AGENDA FOR MEETING: February 27, 1994



1) Reading an article together: Following the format we adopted successfully in the first semester, we will use an essay (see below) as the basis for a more general discussion of how our specific areas of research affect how we read, think, perceive and shape our world(s). The idea is that by professions the Jesuit scholar has been trained to read in a certain way, to ask certain kinds of questions, to debate, to be skeptical and suspicious in a controlled, fruitful fashion, proposing constructive and alternative responses to what is read. If our scholarship is integrated with our personal identities, it bears a deep interrelation with how we think and read and speak and pray as Jesuits. So, when we discuss an essay together and bear down carefully on its style and rhetoric and implicit demands and presuppositions, we should be able to uncover interesting and influential connections between what we do - think, read, write - as scholars and what we do with the essay and the issues it raises.

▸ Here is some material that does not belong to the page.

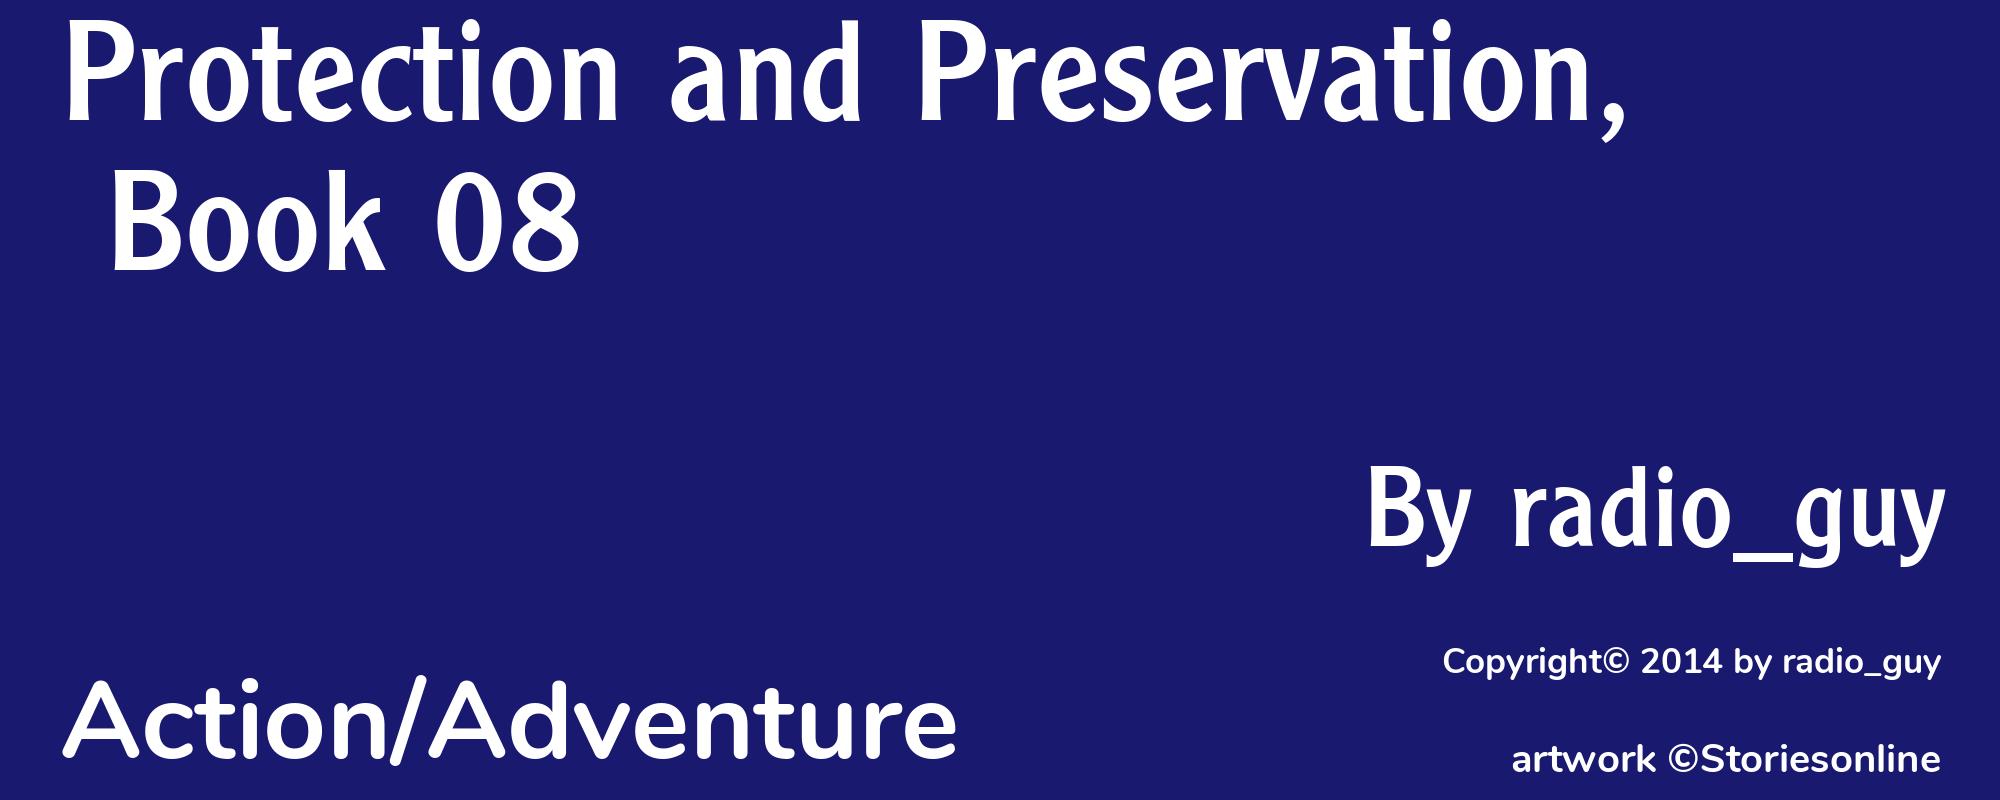 Protection and Preservation, Book 08 - Cover

2) The article: The essay for the February 27th meeting is taken from the February, 1994 issue of The Atlantic Monthly: "The Coming Anarchy," by Robert D. Kaplan. The not so cheery theme of the article: "The world, our correspondent writes, faces a period of unprecedented upheaval, brought on by scarce resources, worsening overpopulation, uncontrollable disease, brutal warfare, and the widespread collapse of nation-states and, indeed, of any semblance of government. Welcome to the twenty-first century." The article is a fascinating mix of first-hand reporting, demographics, observations on politics, social planning, cultural differences, map-making, the nature of conflict, etc., and pleads for attention and imagination in envisioning the future. It is not the kind of topic we normally discuss - few of us confront these issues in our scholarly work or daily life experiences - but we can fruitfully bring our backgrounds and questions to bear on what Kaplan tells us. The article is easily available, but if you absolutely can't buy-borrow-xerox or memorize it, call either of us for a copy.

3) Mike Gareffa (Holy Cross College), Roger Haight (Weston School of Theology), Jim Skehan (Boston College) have agreed to initiate our conversation.

4) Please come: even if you have not participated in these conversations before (they began in 1990), we welcome your presence, as scholar or scholar-to-be. If you know of some other Jesuit who hasn't received this invitation directly, please invite him. If you have any questions about what we're up to, let's talk about it before the 27th.